От толчка у Славы перехватило дыхание и мелькнуло в мозгу:
- Да что же Это? Сейчас же в милицию сдадут.
Но вместо того, чтобы уйти или замолчать, он мощно возгласил соседу:
- Отыди!
- Как это "отыди"? - изумился тот. - Не дома, орать-то!
- Сие сугубая ектинья есть! А то и в морду можно!
- В морду? - переспросил сосед, медленно лиловея.
Тело Славы само развернулось, рука треснула соседа по уху. Сосед замахнулся для ответа. Его схватили. Схватили и Славу. Он с ужасом выдрался из схвативших его рук и с ужасом же слышал, как гремел:
- Не агарян, филистимлян и иноверных языцев одоления даруй!
Однако одоление было даровано агарянам и филистимлянам. Мнения разделились. Агаряне требовали милицию, филистимляне предлагали дать по шее. Победили филистимляне. От мощного пинка Слава пересек площадь, влетел в сквер и упал на скамейку.
- Позор, позор! - кричал на себя Слава своим голосом. - Позор, пропади, подлый!

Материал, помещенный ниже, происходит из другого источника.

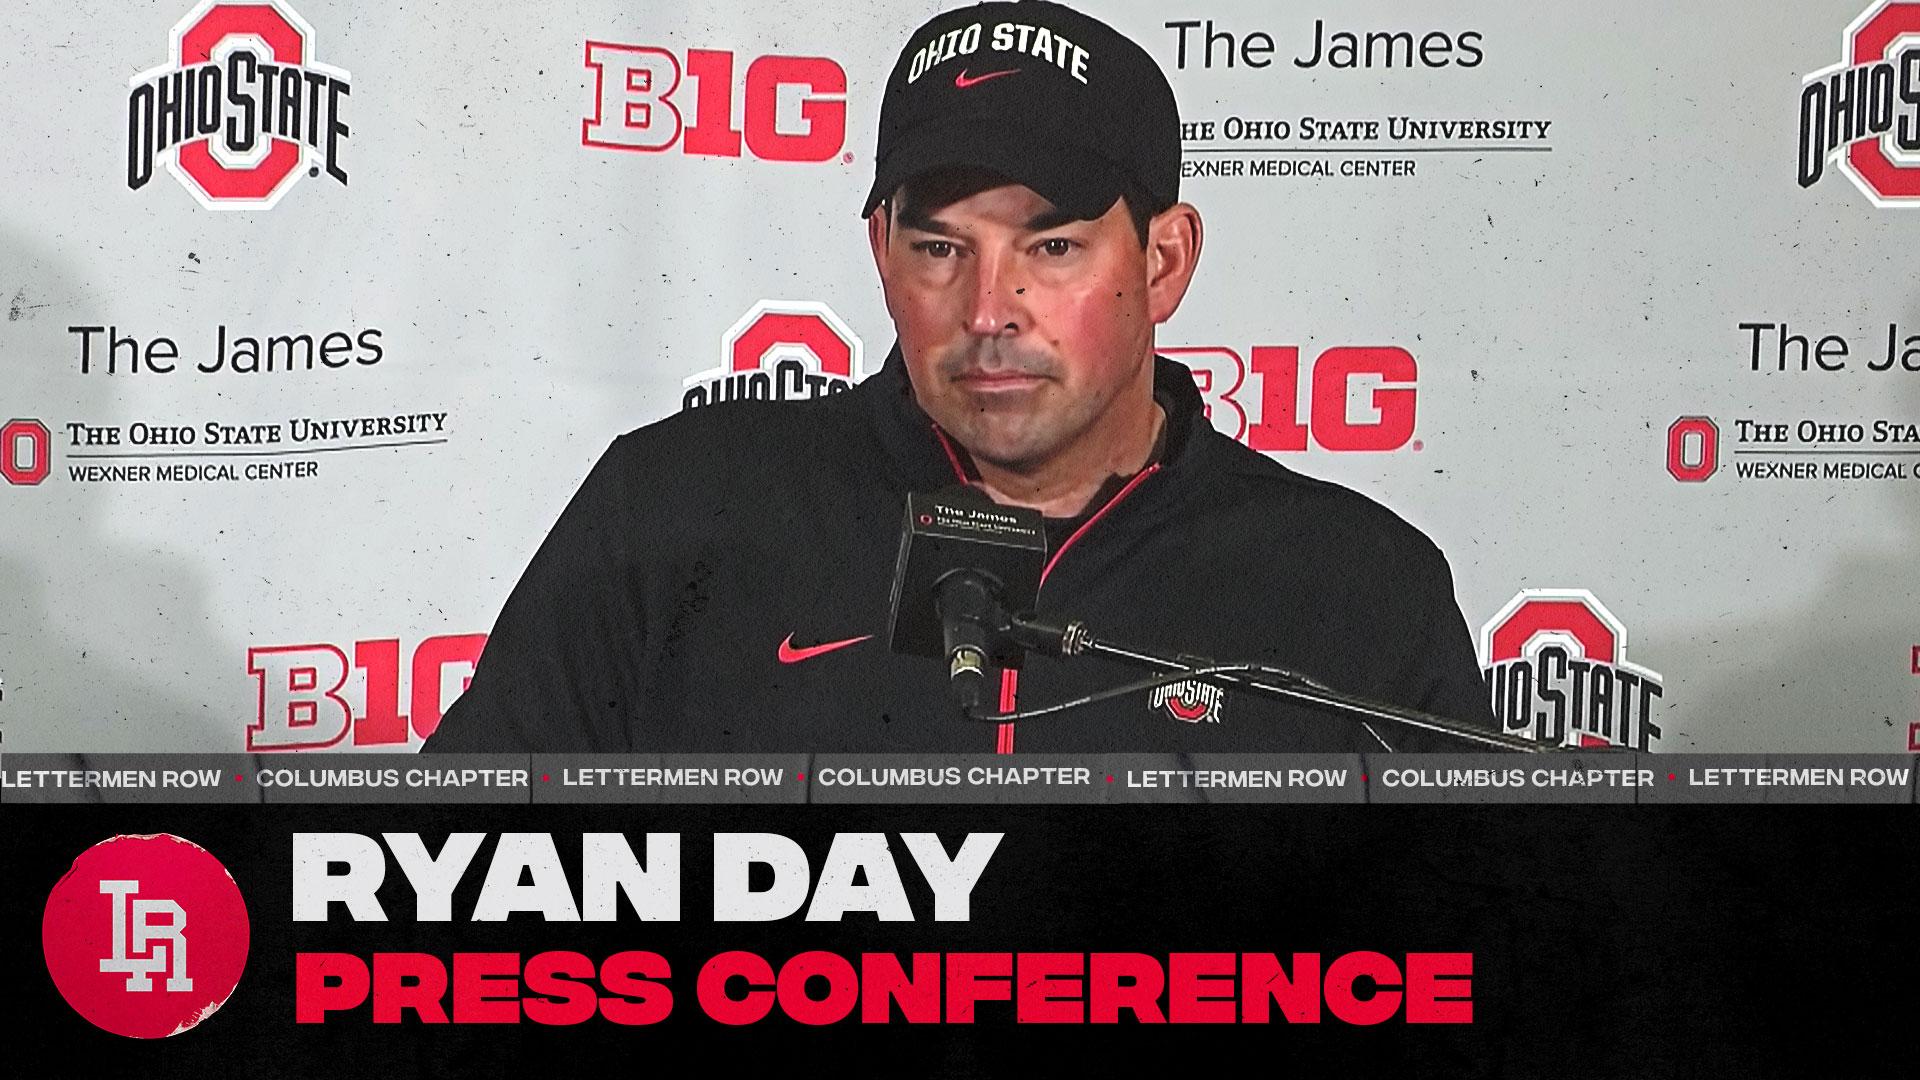 Ryan-Day-Press-Conference-ryan-day-presser-post-rutgers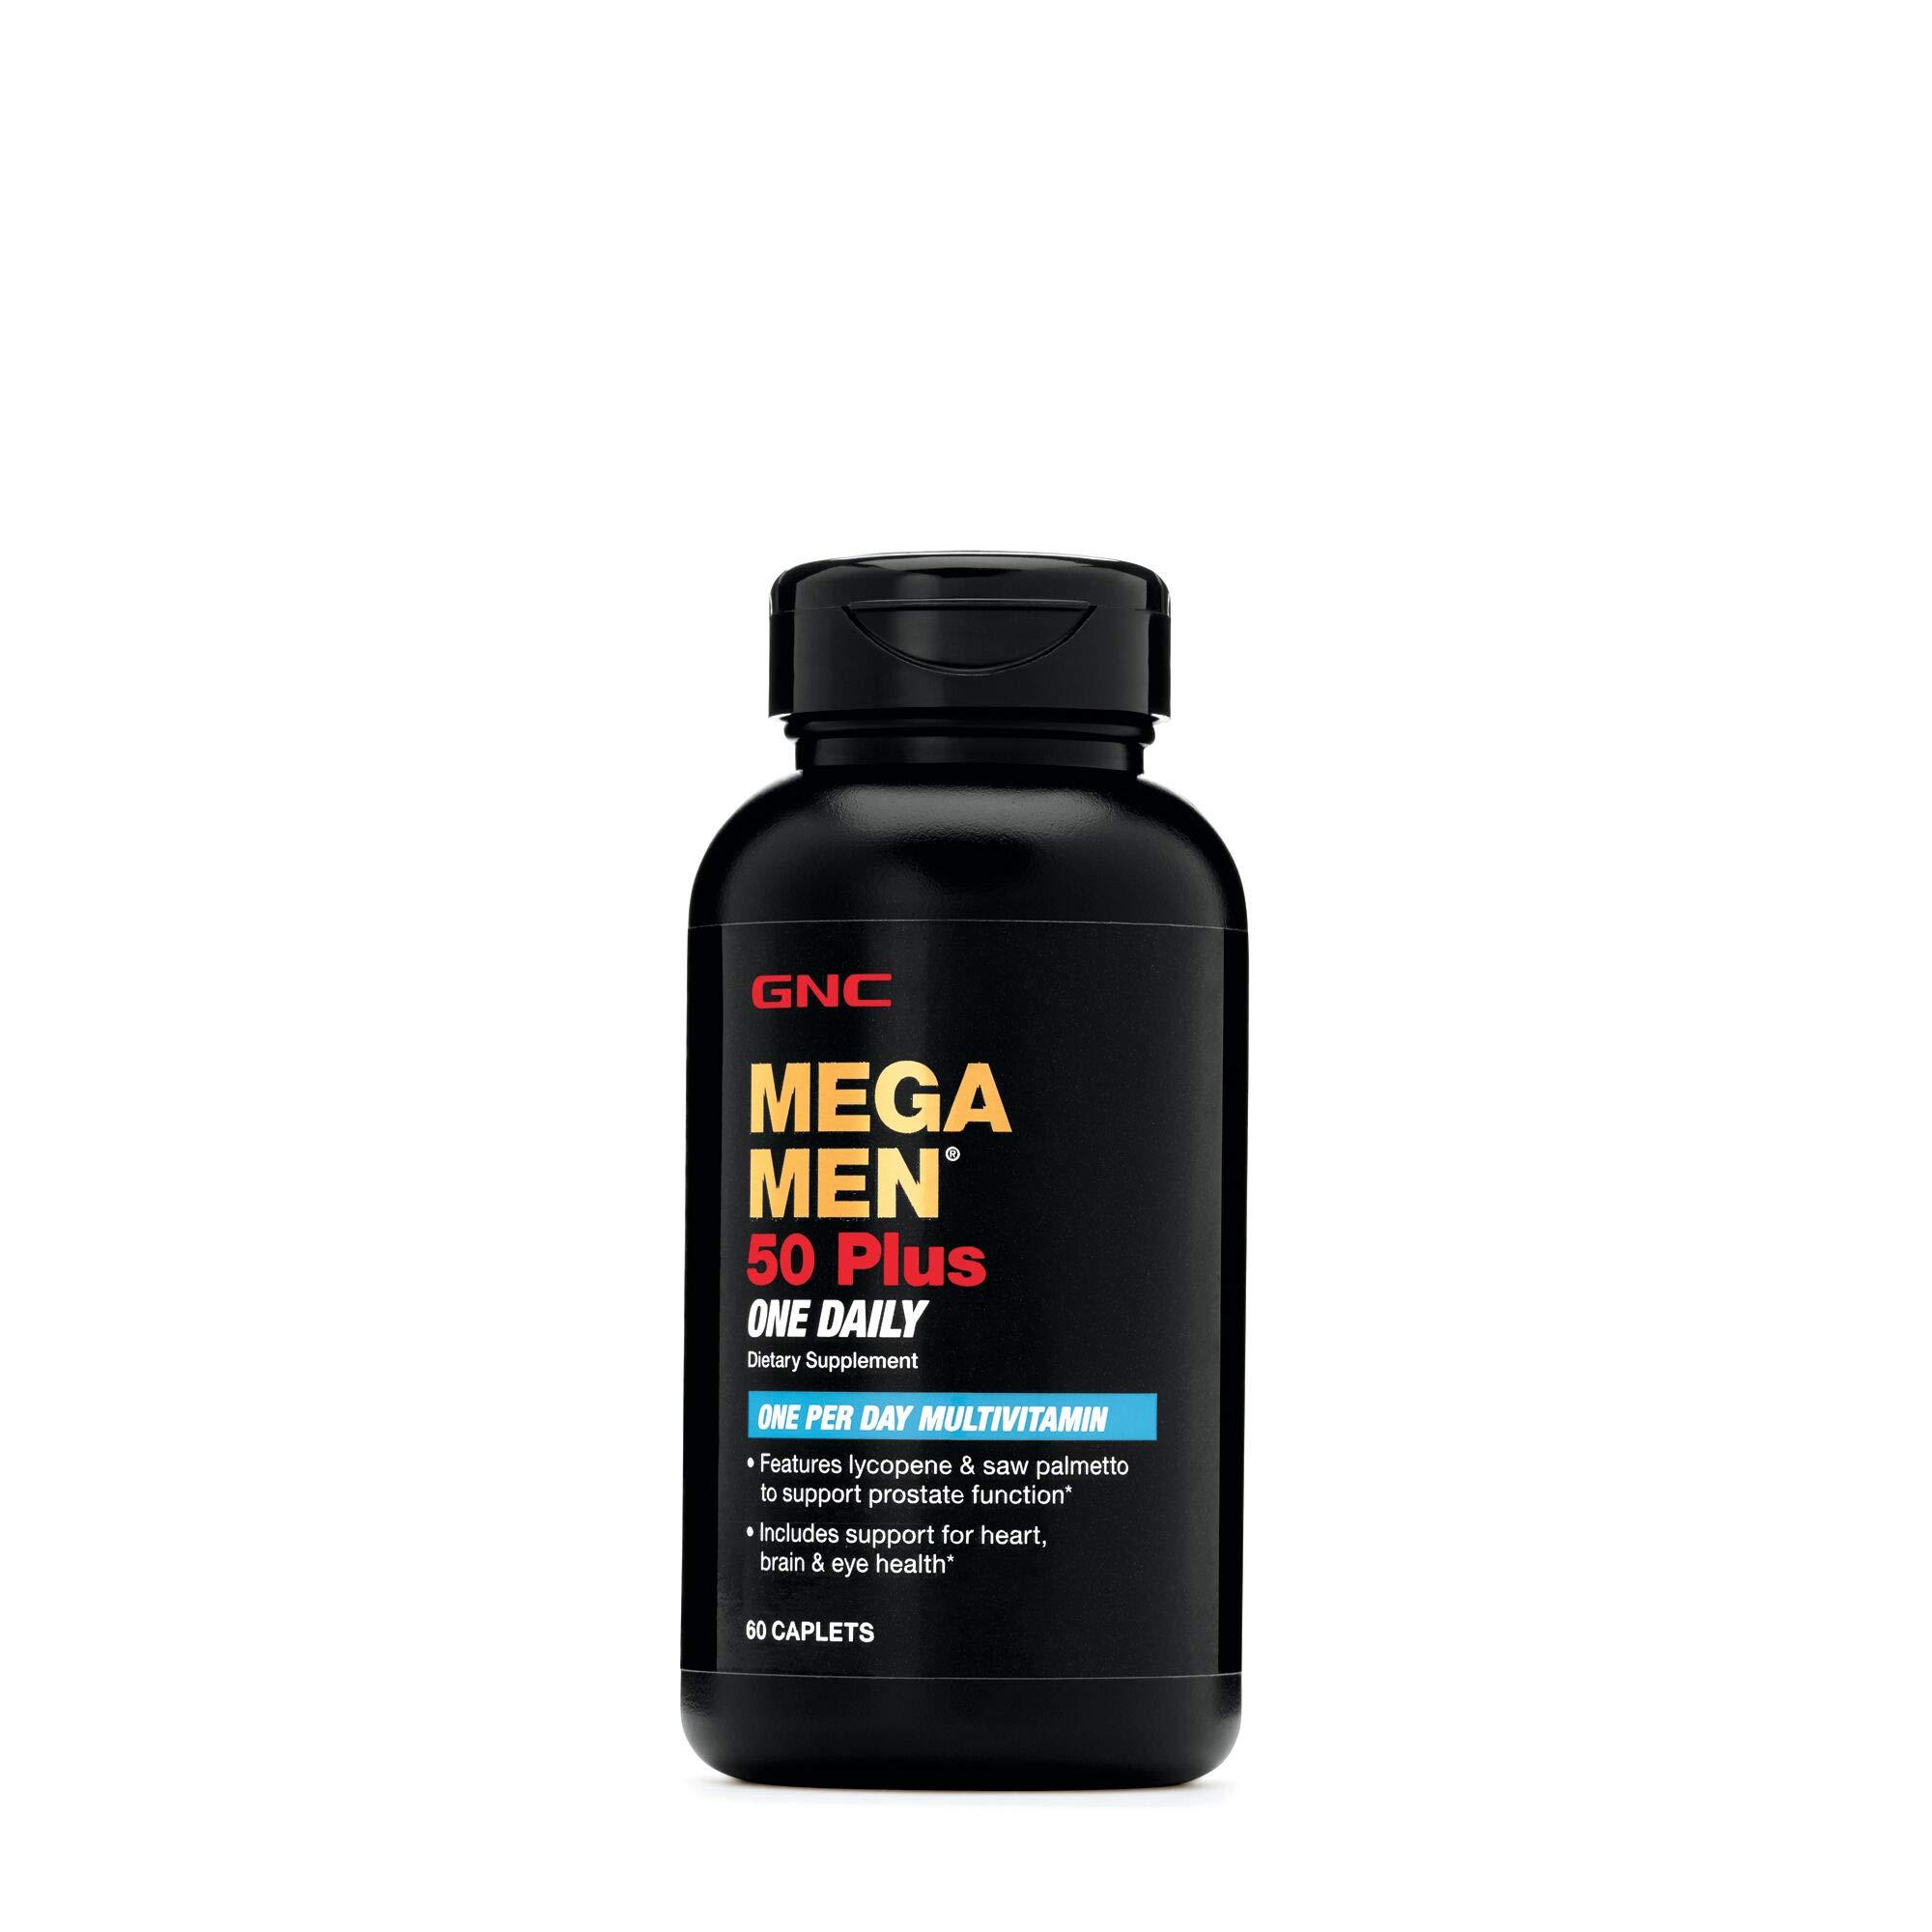 GNC Mega Men 50 Plus One Daily - 60 Caplets

И бас, бормочущий о "псах лютых смердящих, иже не ведают, что творят", вдруг замолчал и пропал, как и тот, первый чужой голос. И до самого дома Слава оставался один.
4
Реминисценция I
Самый раз было поразмыслить спокойно. Слава лежал на диване и усердно пытался разобраться в самом себе. Болезнь стала несомненной, но характер ее оставался загадочным. На обычную, так сказать, нормальную шизофрению, она походила мало. Слава, хоть и не психиатр, видел в себе странности, недопустимые в естественном умопомешательстве. Что у шизофреников сознание раздваивается, известно каждому. Больной, с одной стороны, обычный Петров или Дьяков, или, скажем, Перепустенко, а с другой стороны - Александр Македонский, Наполеон, или даже великий футболист Блохин - и обе его стороны схватываются в жестоком противоборстве. Разве не таким живописали этот вид шизофрении великие писатели - два Вильсона у Эдгара По, Джекил и Хайд у Стивенсона, Дориан Грей и его зловещий портрет у Уайльда? Раздвоение личности только раздвоение! А у него не раздвоение, а растроение! Во-первых, он сам, Станислав Соловьев, добрый, умный и прочее - в общем, вполне положительный и даже не акселерат. Справа от себя - и то же он сам - какой-то старорежимный подонок, трус, ничтожество. А слева - еще хуже - пьяный поп, либо выгнанный из монастыря монах - и тоже он сам. Черт возьми, а где сейчас монастыри? Трое в одном - чрезмерно даже для безумца! Тут что-то другое, что-то пострашней вульгарной шизофрении. Пилюлями и электрошоком от такой хвори не избавиться, надо прежде понять ее…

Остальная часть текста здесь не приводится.